Type Adapter

A TypeAdapter provides a uniform protocol for setting variables and calling methods of both primitive and object types. Java reflection abstracts these differently:

  • aField.setInt(anObject, anInt) -- for primitive type int.
  • aField.set(anObject, anInteger) -- for type Integer.

This is made uniform:

  • aTypeAdapter.set(anInteger) -- for int or Integer.

The type adapter also holds the object that is to be set.

View source.

Implementation Notes

TypeAdapter distinguishes between the target upon which it reflects and the fixture for whom it does the reflection. These objects are one in the same for column and action fixtures, but are distinct for row fixtures. A RowFixture produces arbitrary domain objects as rows. These become the targets of the TypeAdapters. However, the fixture may still participate in string parsing of domain types used by fields and methods of the domain object.
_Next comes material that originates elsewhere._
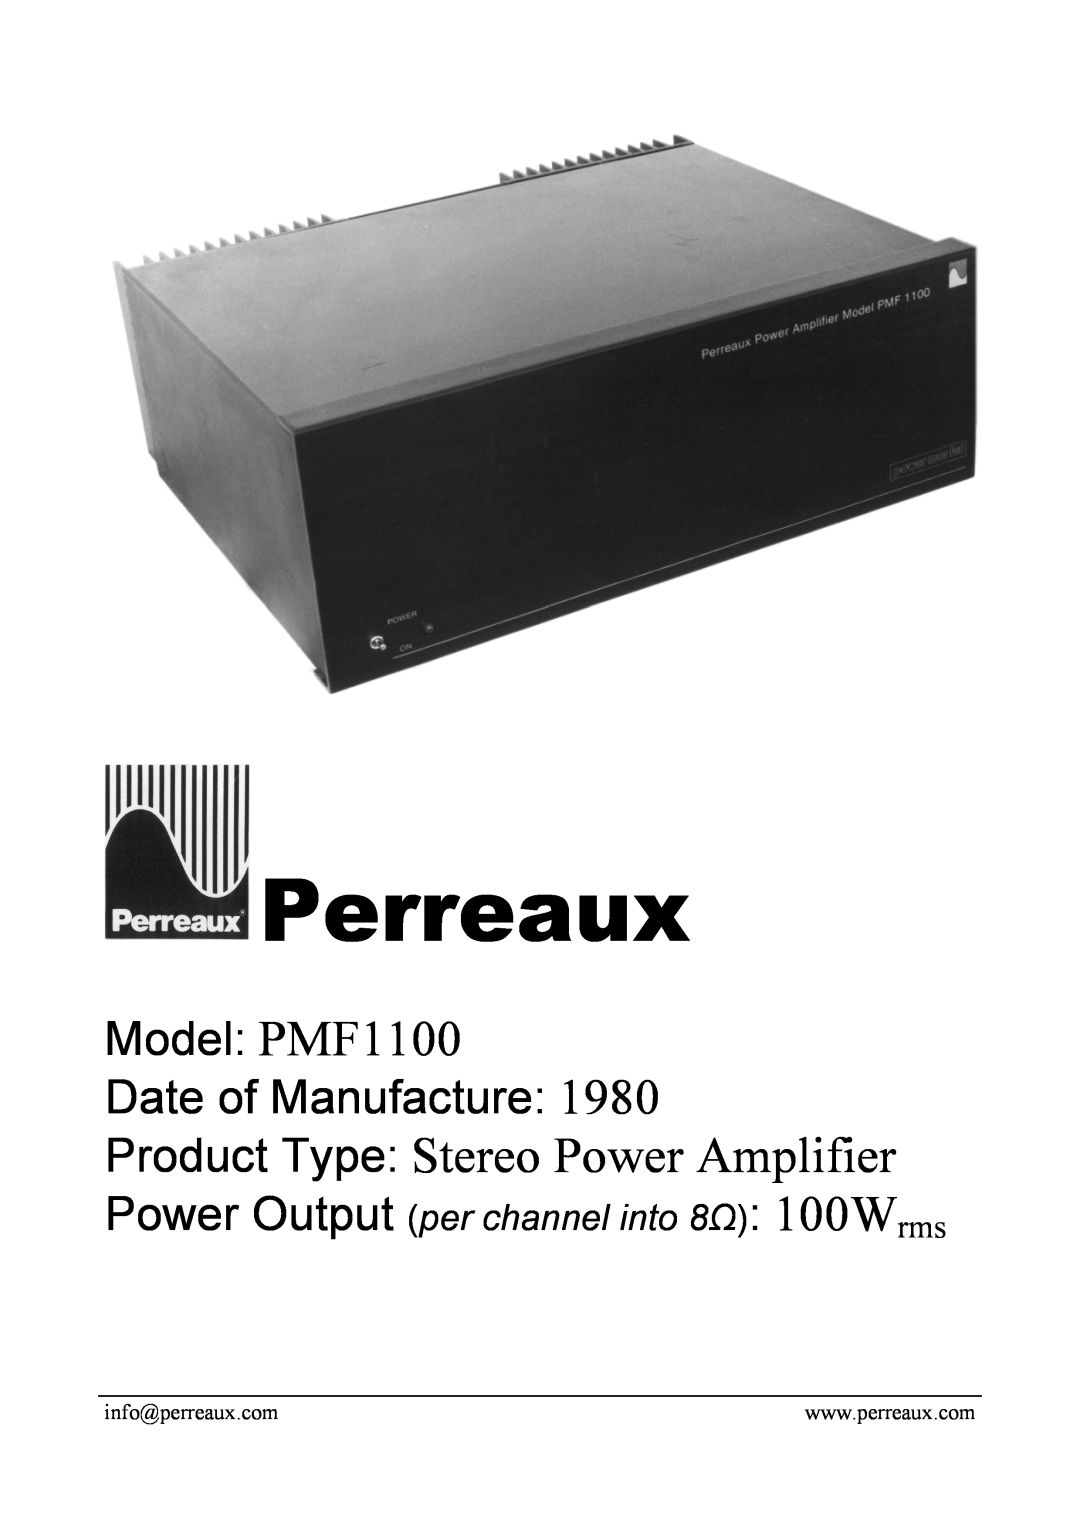 Perreaux manual Perreaux, Product Type Stereo Power Amplifier, Model PMF1100 Date of Manufacture 
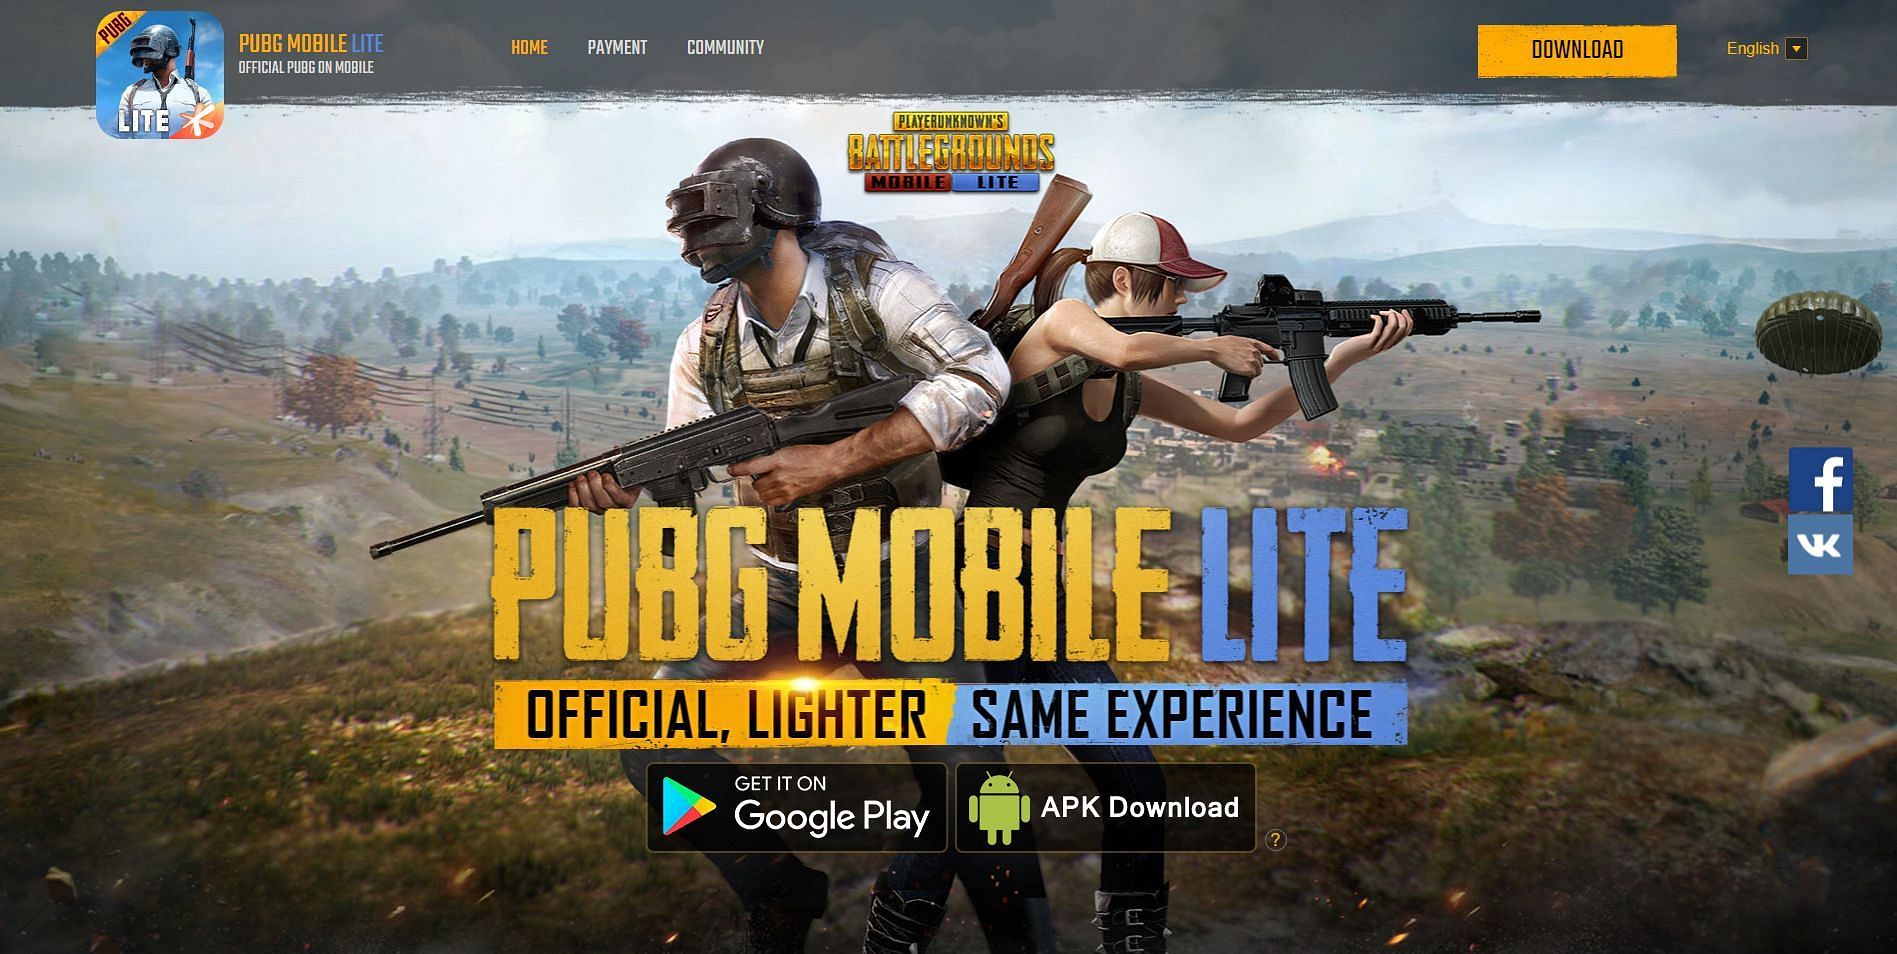 You can visit the official website of the game to download the APK file (Image via Tencent)

Subclasses of TypeAdapter may be specialized as needed to effect reads and writes. Java requires quite a number of subclasses as mentioned above. C# requires fewer subclasses since it's reflection protocol is more uniform. C++ could bypass the absence of a reflection protocol by constructing custom subclasses for every single variable.

One subclass of TypeAdapter handles arrays of other types. These adapters hold another adapter to parse and print the individual (comma separated) elements of the arrays.

TypeAdapter assumes that instances of Class are a suitable identification of type for parsing and printing strings. TypeAdapter's type field need not be an object at all so long as TypeAdapter or the fixtures to which it delegates parsing and formatting are able to switch to appropriate type conversions based on type.